-- What the task requires --
Provide an exact copy of the data, excluding the images.

-- Available data --
■ ■ ■ ■ ■ ■ ■

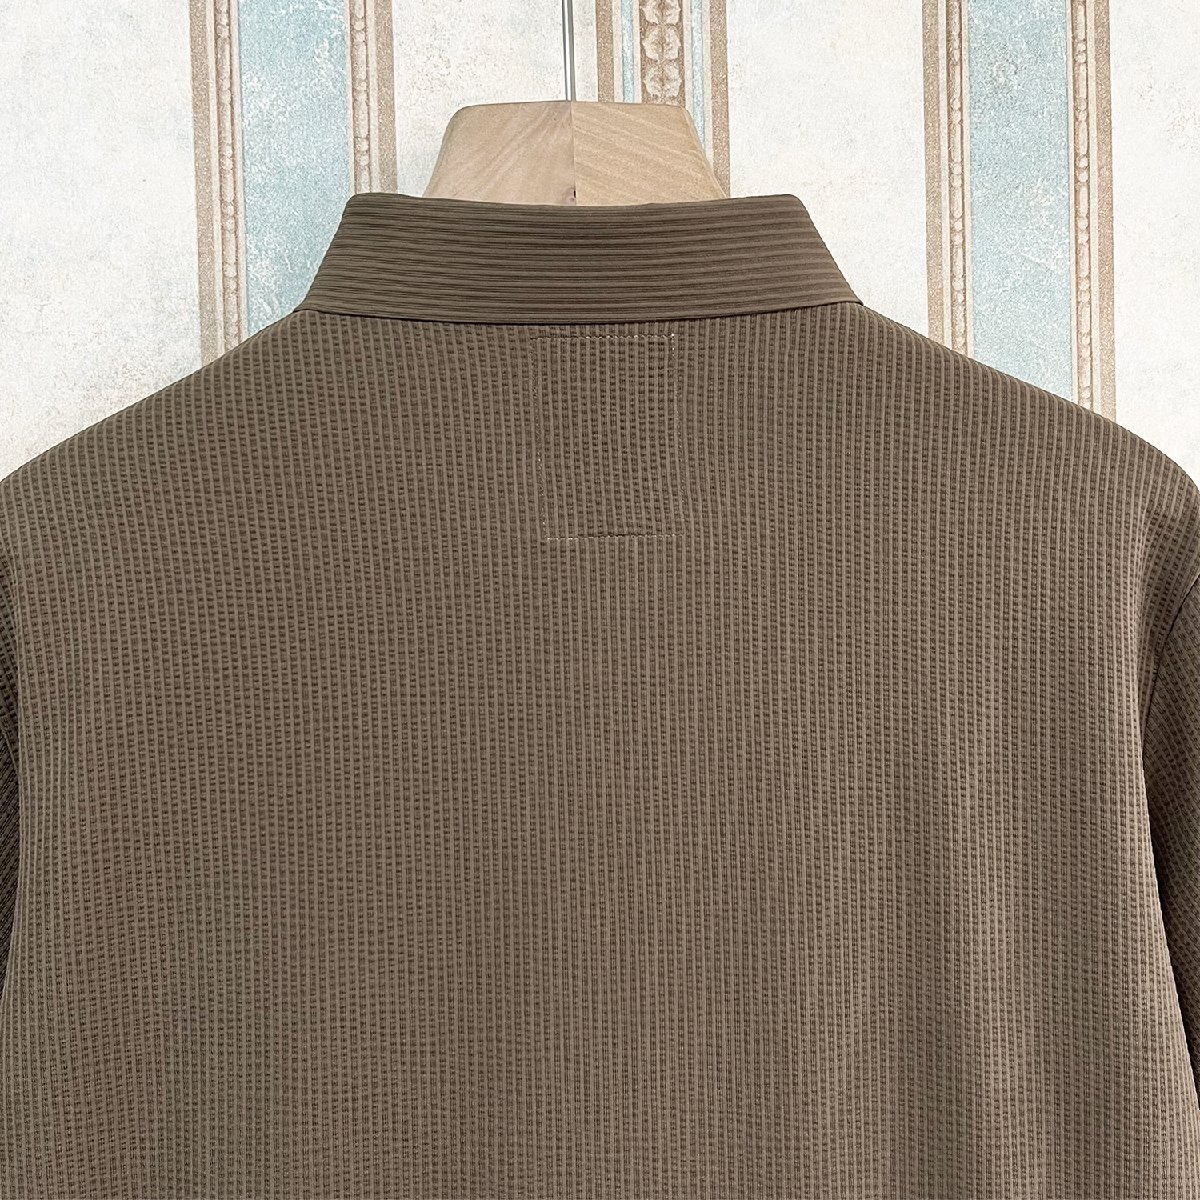 最高級 定価3万 FRANKLIN MUSK・アメリカ・ニューヨーク発 ポロシャツ 高品質シルク/コットン混 薄手 速乾 涼しい 洗練 ビジネス サイズ3_画像4
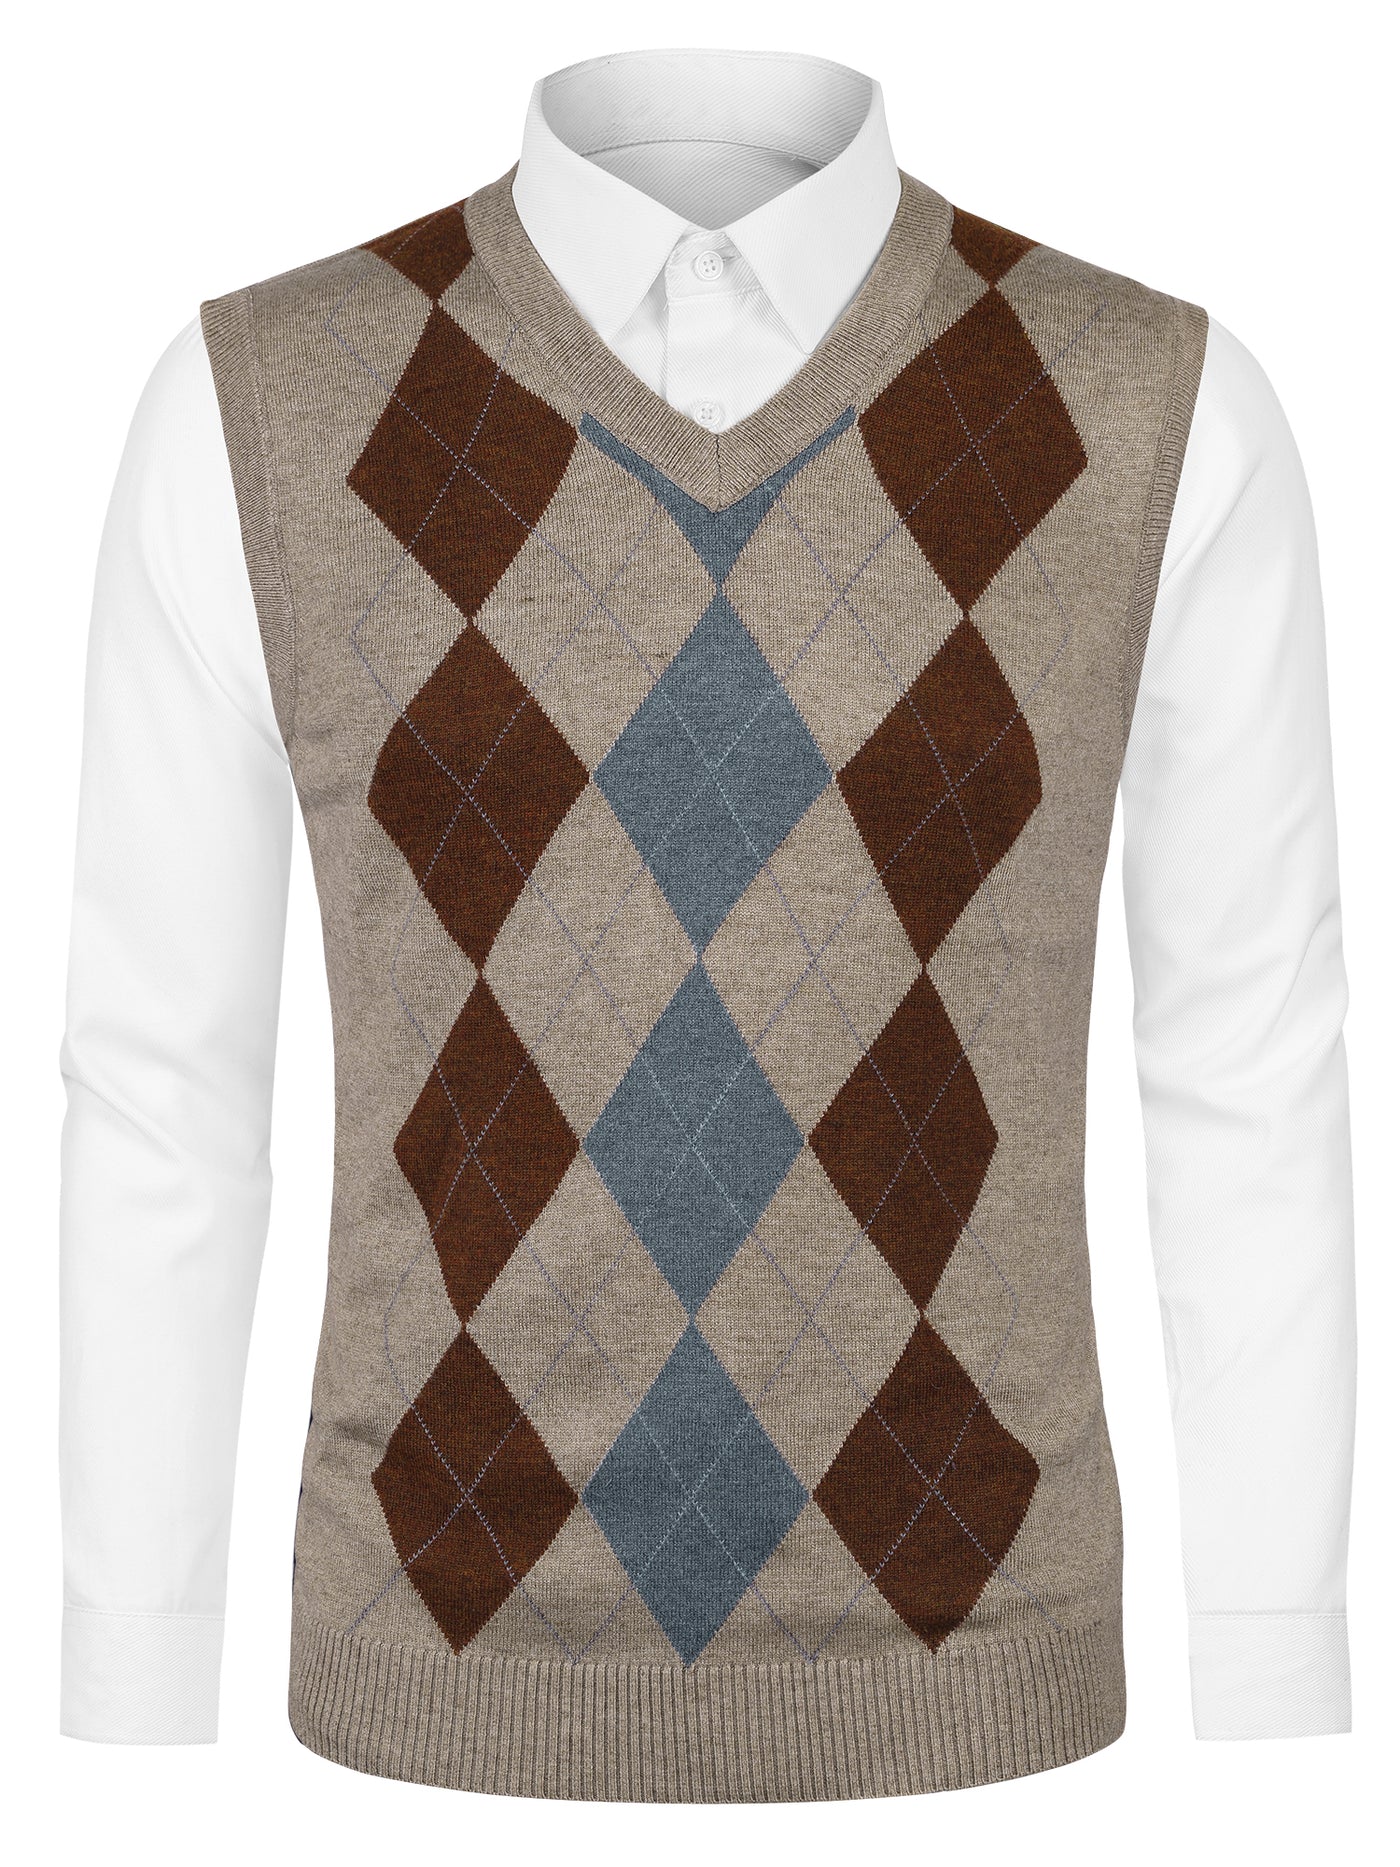 Bublédon Casual V Neck Sleeveless Argyle Knit Sweater Vest
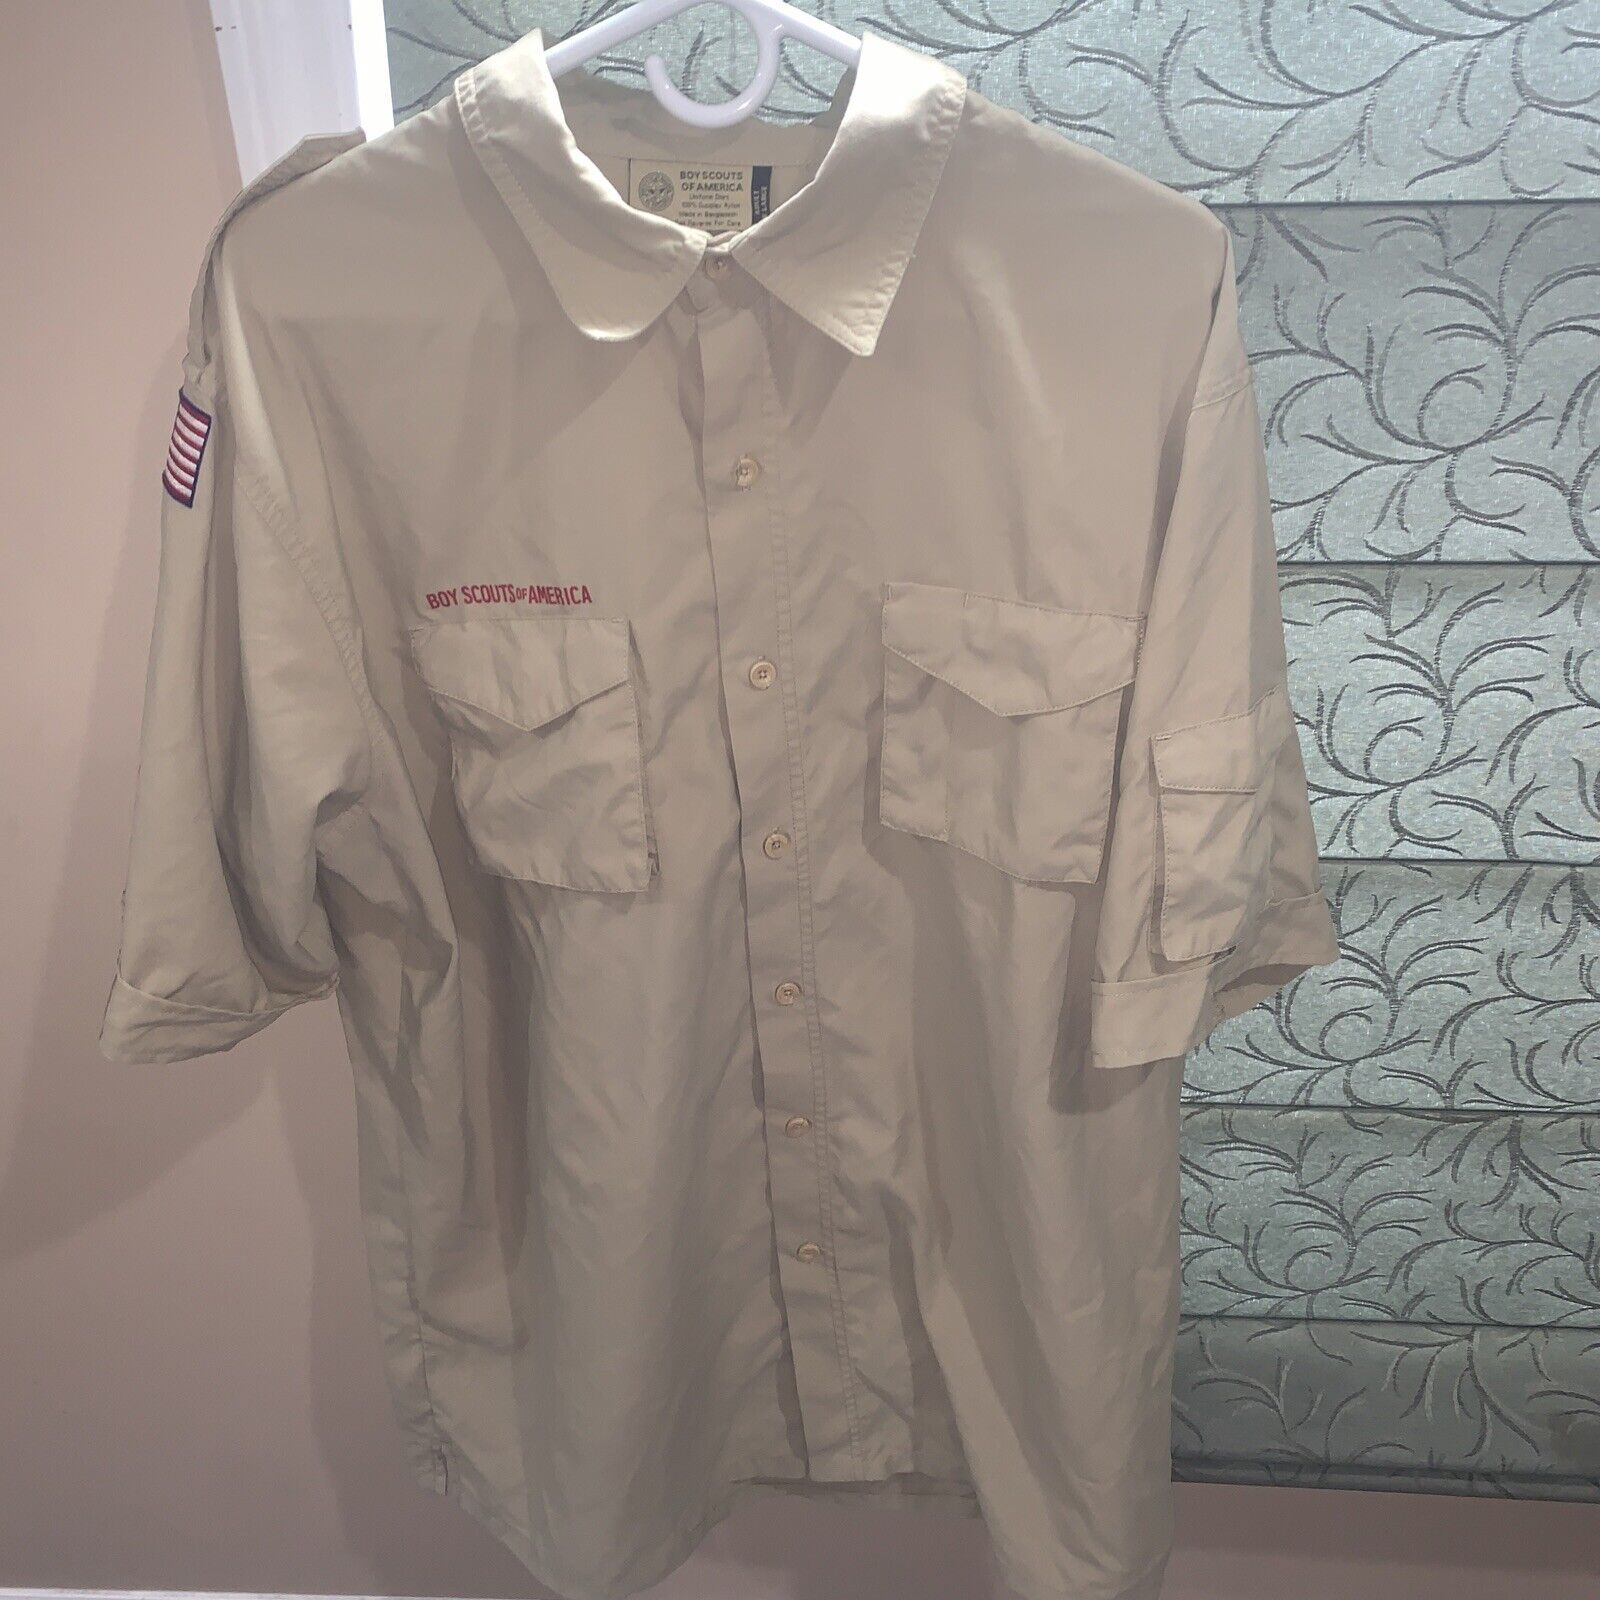 Boy Scout BSA UNIFORM New Style SHIRT Adult Mens Extra Large XL Short Sleeve J18
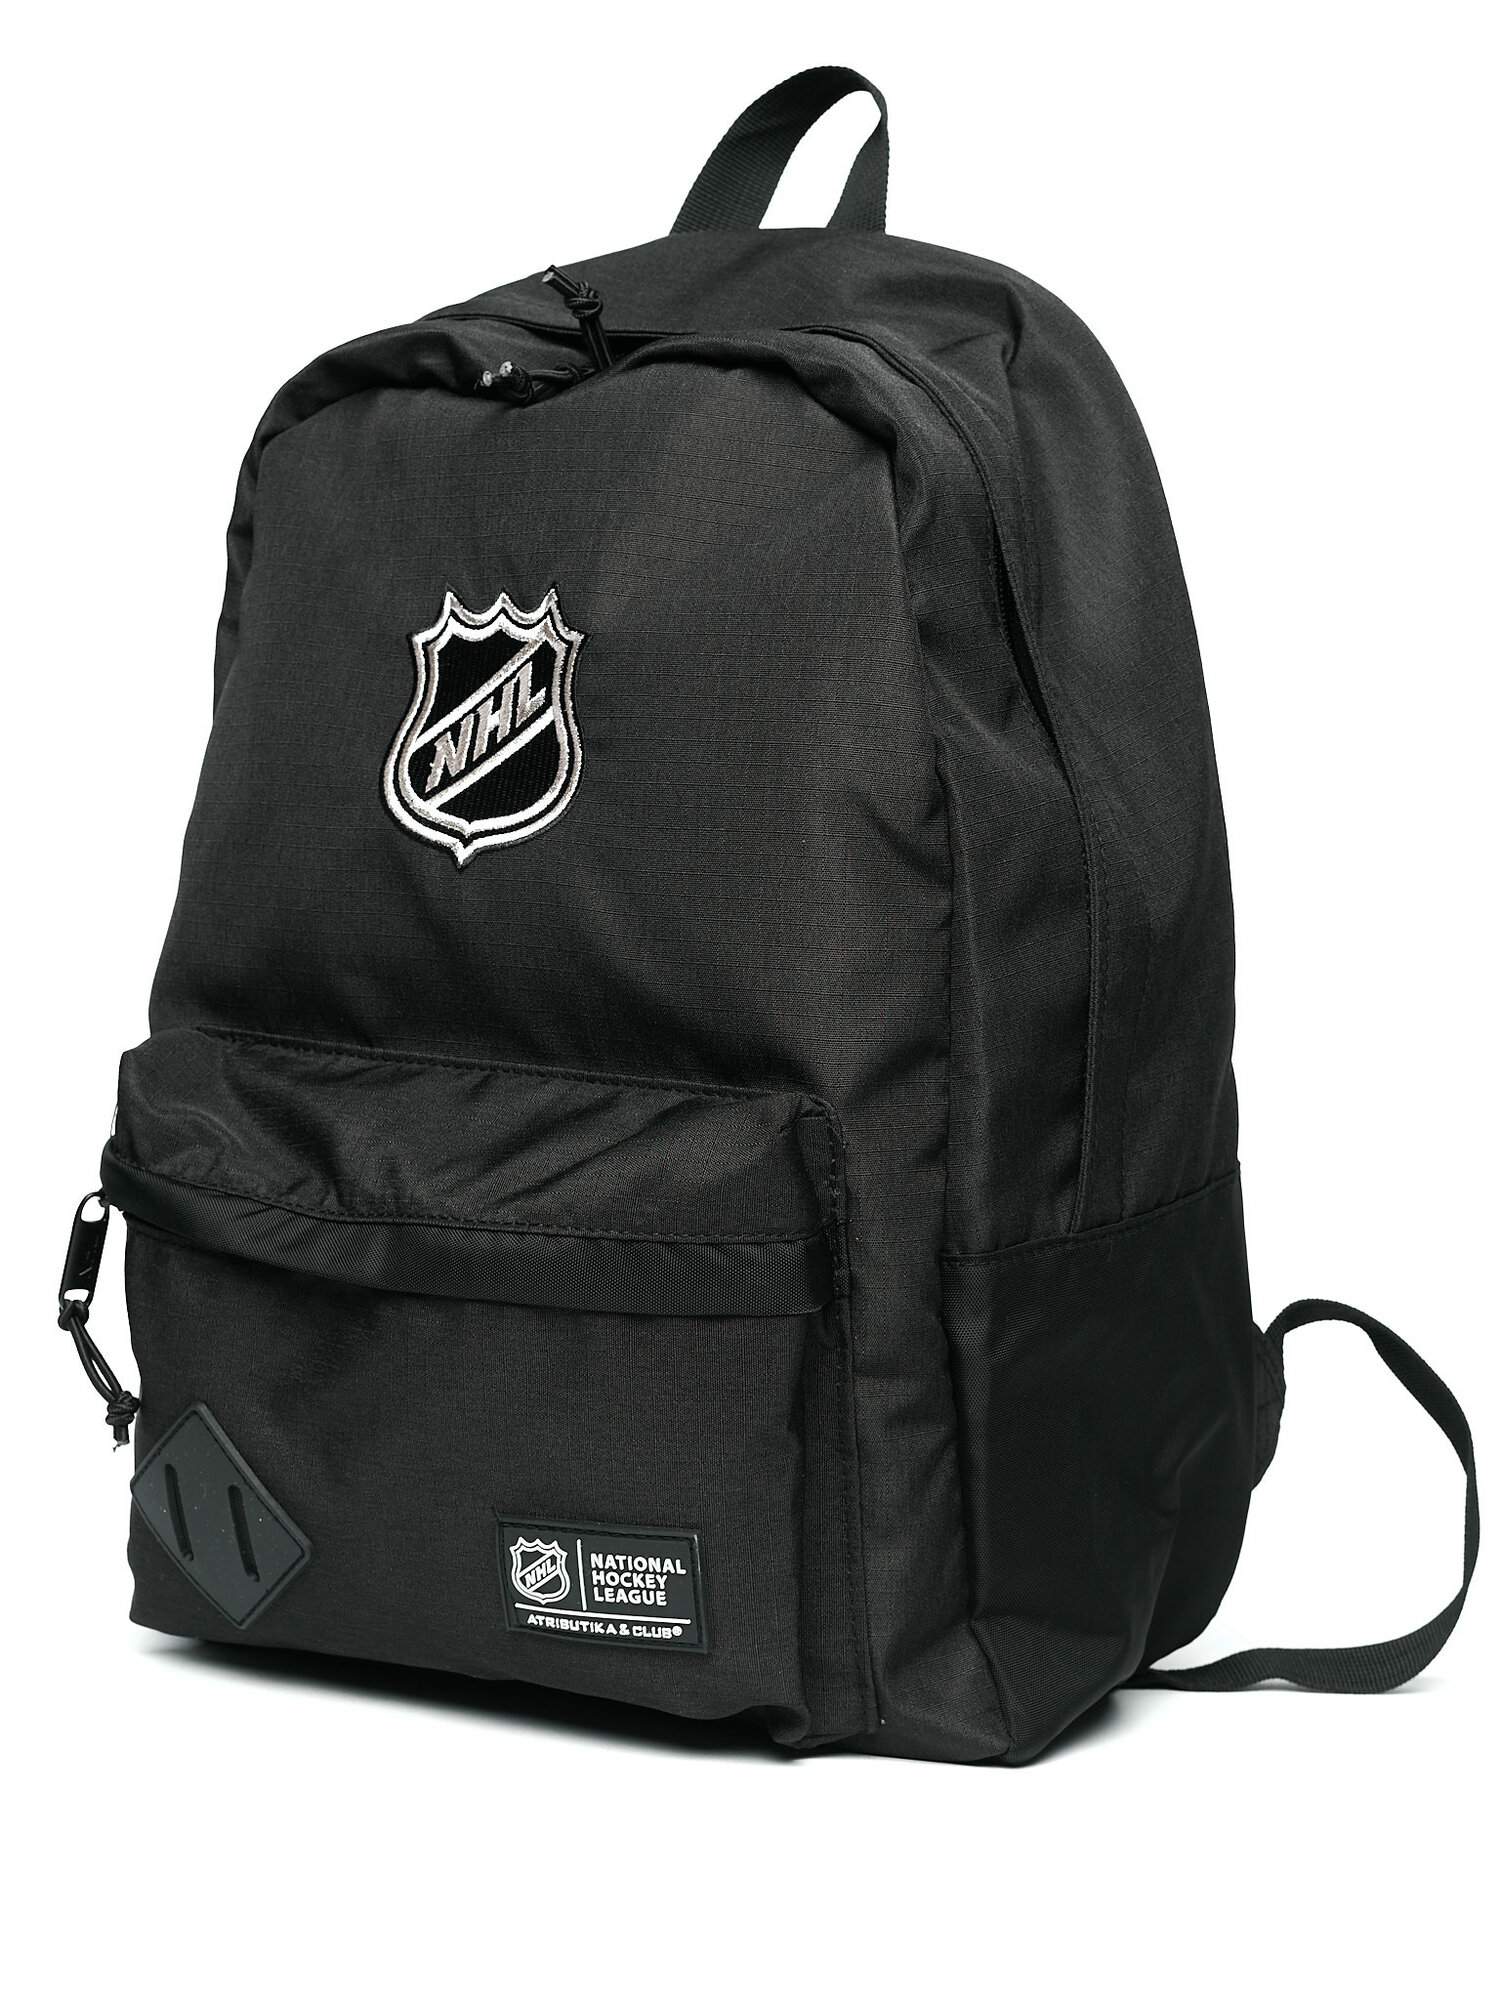 Рюкзак городской, спортивный, дорожный с логотипом NHL (НХЛ); рюкзак для подростка

■ ■ ■ ■ ■ ■ ■

-- Solution --
 最高級 定価3万 FRANKLIN MUSK・アメリカ・ニューヨーク発 ポロシャツ 高品質シルク/コットン混 薄手 速乾 涼しい 洗練 ビジネス サイズ3_画像4
 Bublédon Casual V Neck Sleeveless Argyle Knit Sweater Vest
 Boy Scout BSA UNIFORM New Style SHIRT Adult Mens Extra Large XL Short Sleeve J18
 Рюкзак городской, спортивный, дорожный с логотипом NHL (НХЛ); рюкзак для подростка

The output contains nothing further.